La ruta por la que dicha marca llega hasta los techos de los tranvías zaragozanos la desconocemos, pero tal campaña publicitaria de una firma extranjera en Zaragoza no es asunto baladí, dado que sin salir de la ciudad eran varios, y muy buenos, los fabricantes de tan exótico producto. De hecho en 1913 el chocolatero Joaquín Orús ponía en marcha la soberbia factoría cuyo edificio aún pervive convertido en hotel.
Ni qué decir tiene que los carteles de Orús viajaban en otras líneas de tranvía, y que es obvio que el producto tenía un descomunal mercado debido a su cuasi institucionalización en la sociedad alta y mediana. No obstante, cien años más tarde el chocolate que encontramos en las estanterías de los supermercados es el de color morado y no el de producción local.
Apenas iniciado el siglo Miguel Mur, comerciante de licores, consciente de que la pared de su sobreático era visible desde más allá de la plaza de Aragón hizo pintar en él un rótulo en el que se anunciase su apellido y su negocio.
No tardó en cambiar la leyenda por la promoción del licor “Benedictine”, pues no en vano dicho licor “triunfó” en la “Exposición Hispano Francesa” de 1908.
Al poco, Mur redecoró la fachada de su caserón, pues a pesar del emplazamiento éste siempre fue de factura modesta, añadiéndole detalles en la fachada y una balaustrada sobre la cornisa, adorno que se lució poco ya que el empresario enseguida llegó a la conclusión de que le rendiría más como soporte publicitario.
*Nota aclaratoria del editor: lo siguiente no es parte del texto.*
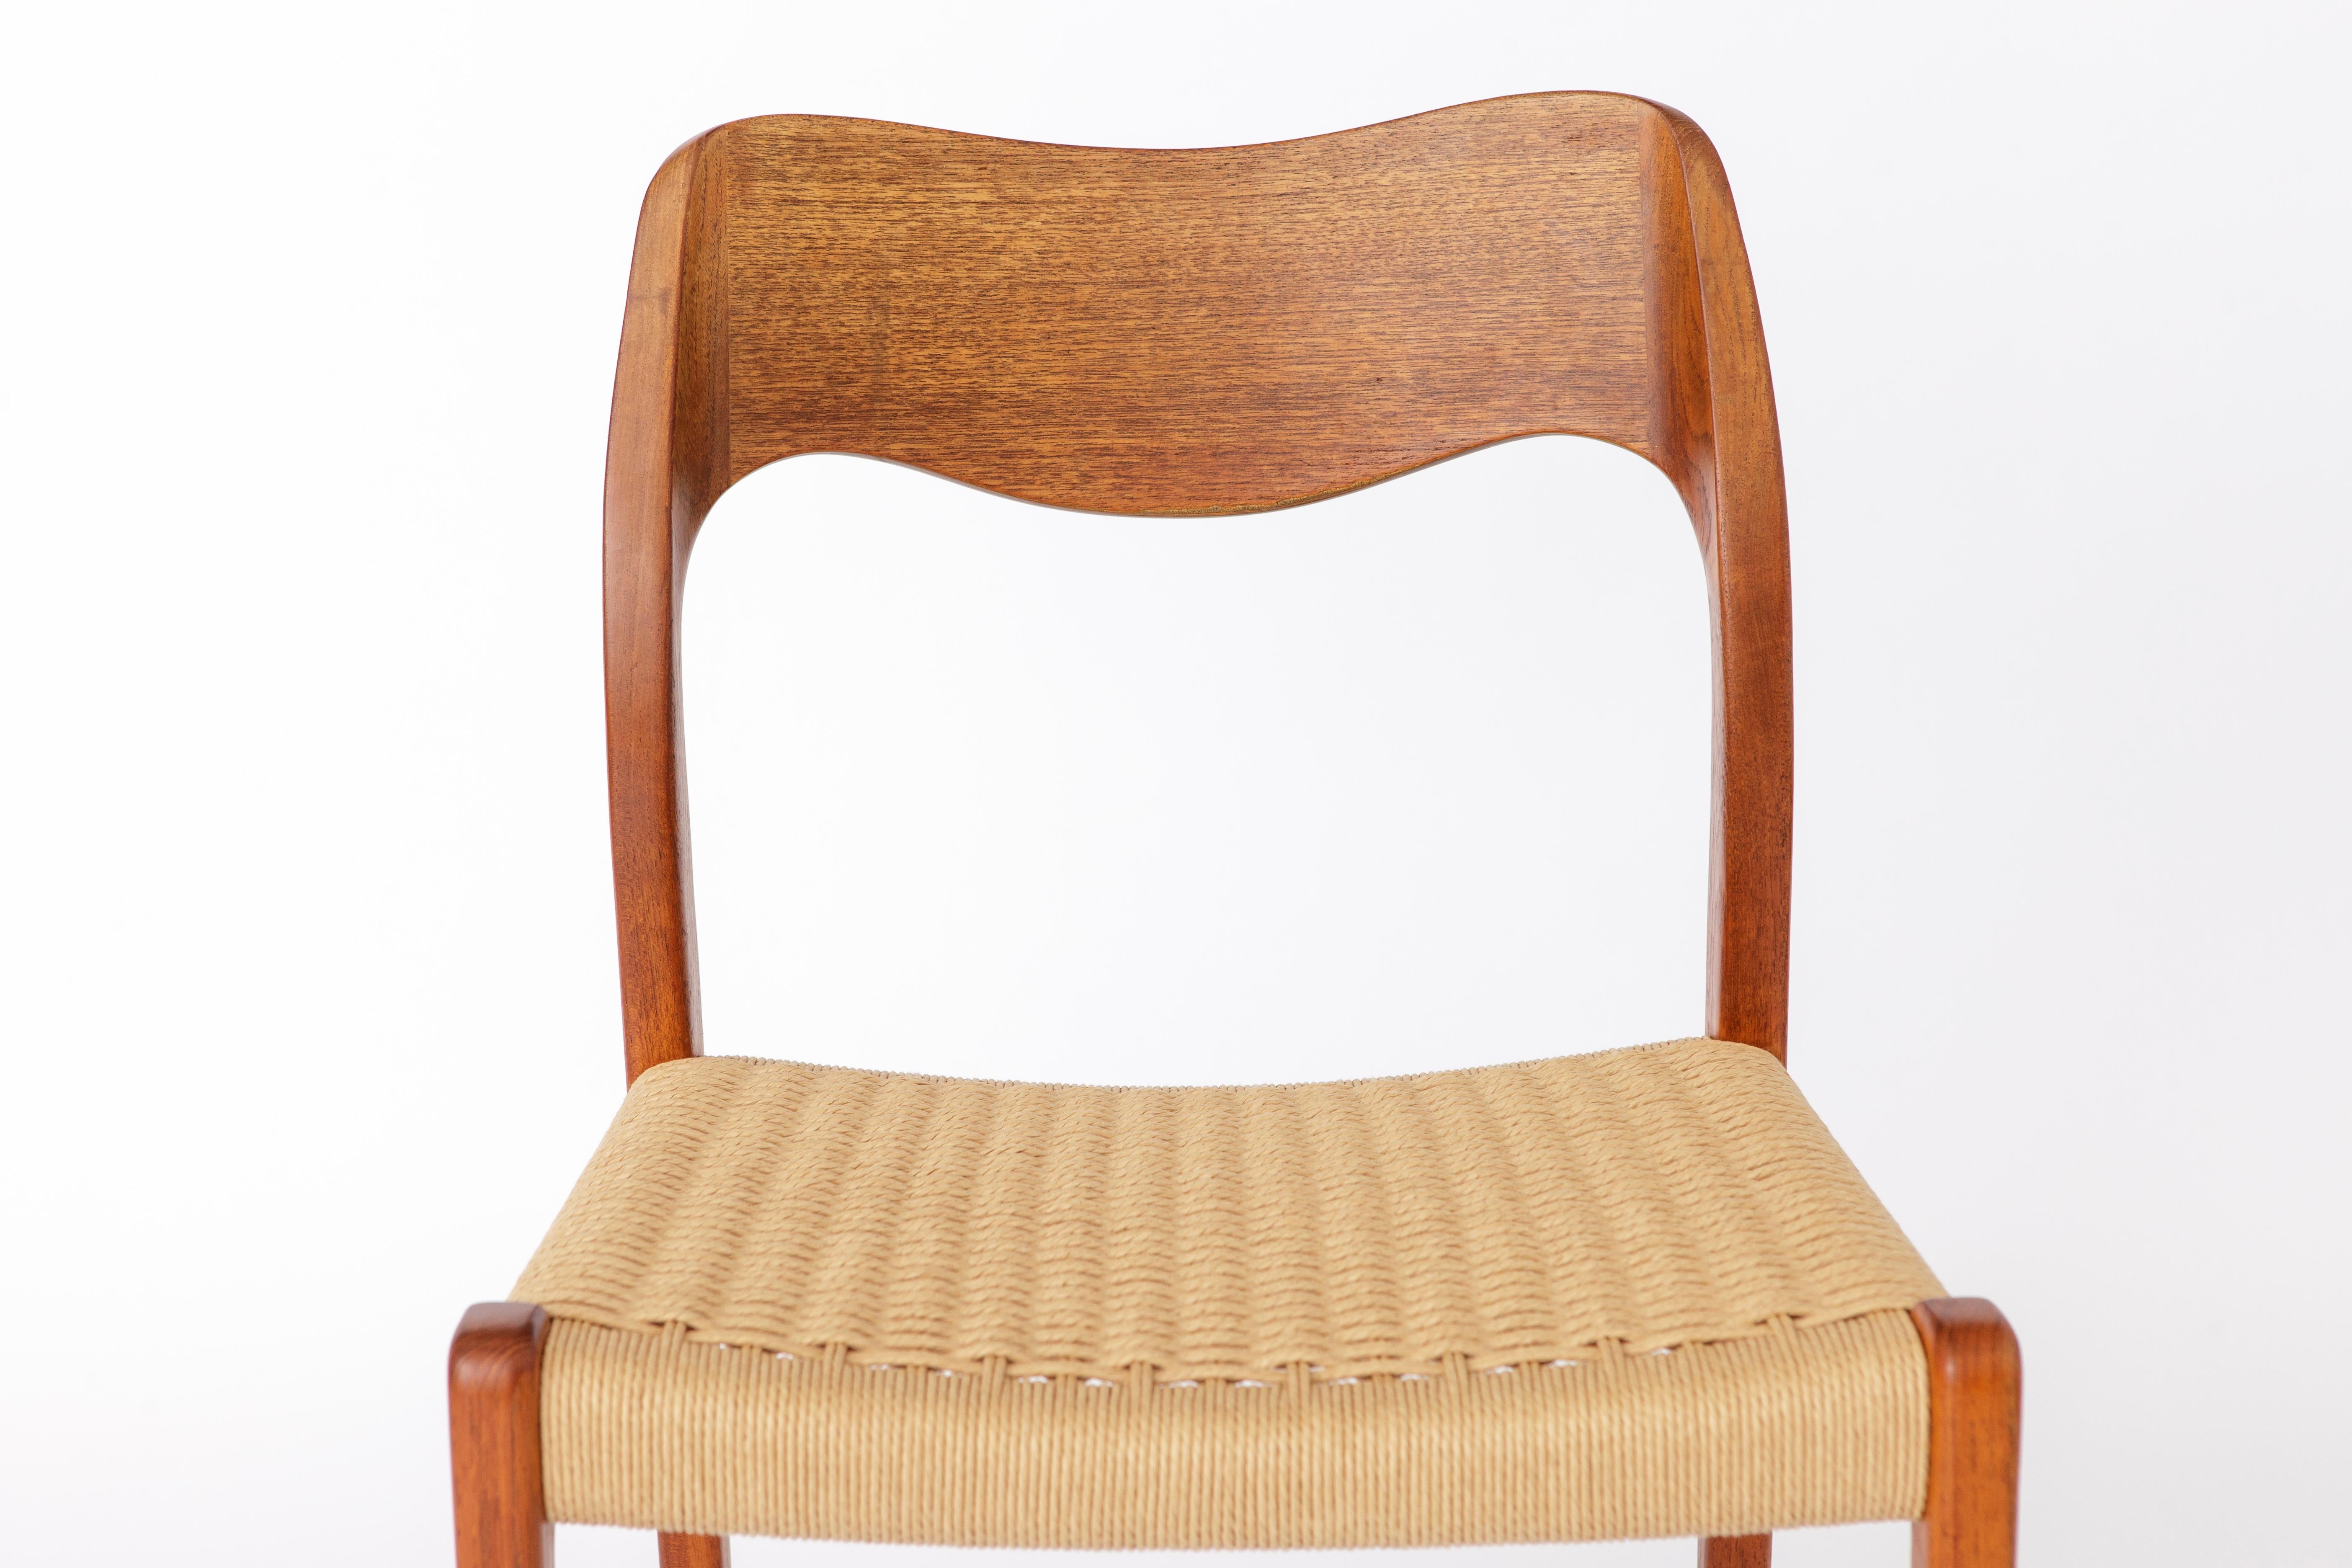 1 of 2 Niels Otto Moller Chairs. Modell 71 in Teak. 
Production period: 1950s. 
Displayed price is for 1 chairs. Totally 2 available. 

Very good condition. Stable teak frame. Refurbished and oiled. 
Seat weavings were renewed. 
Manufacturer's mark

Aquí sujeta un cartelón del Anís del Mono.
Ambos letreros tuvieron muchas vidas y leyendas que década a década fueron quedando plasmadas en las fotografías, siendo la brocha y la pintura relegadas en los años 50 por los reclamos de neón. Si bien la tecnología era avanzada, el tejado seguía siendo el mismo. En la época de esta toma el Sr. Mur había rizado el rizo erigiendo sobre él una estructura metálica a fin de publicitar, nada más y nada menos, que a las bodegas de Domecq.
Sin cambiarnos de acera quizá estemos ante el apellido más duradero de la plaza; el de Agüeras, estirpe de joyeros que en los tiempos de la imagen ejercían en el entresuelo de su edificio del Coso. En 1918, apenas cierre la librería de Cecilio Gasca, que está allí aunque no la veamos porque nos la tapa el tranvía, ocuparán ellos esos locales, donde permanecerán hasta la desaparición del edificio, que no del negocio, en los años ochenta. A su lado, en el nº 33, despacha una elegante guantería.
Tampoco vemos completo el generoso toldo del Gran Café Royalty, pero para identificarlo, aparte del fino olor a café, nos basta con la apócope. Yendo al detalle, dicho toldo conserva la primitiva tipografía, que fue modificada en 1918.
Decir que para entonces ya había agua corriente en Zaragoza es una afirmación como poco arriesgada, pues estaba lejos aún el que llegase ya a todas las viviendas, y que además lo hiciese en buenas condiciones. Sin embargo, con plena visión de futuro, en septiembre de 1902 se había procedido al desmontaje de la fuente de Neptuno, de la que se seguían surtiendo muchos zaragozanos. La etapa era otra y el dieciochismo un señor obeso con ideas trasnochadas al que asustaba la electricidad.
Aunque es obvio que de Neptuno aquí no queda rastro, el monumento a los Mártires no parece cómodo del todo en su privilegiada ubicación. Se trata al fin y al cabo de un monumento joven que lleva poco tiempo aposentado sin hacerse a la idea de que ese será su lugar definitivo. De momento lo rodea un murete sin ningún adorno y tras la verja dibujada con primor por Magdalena todavía no ha sido trasplantado un arbusto ni una flor. Desangelada, la plaza es una superficie sin árboles ni sombras.
Bien iluminada, eso sí, ya que justo entonces estrena farolas.
No seamos pues injustos, el trabajo de urbanización estaba todavía a medio hacer. Seguro que la situación nos suena.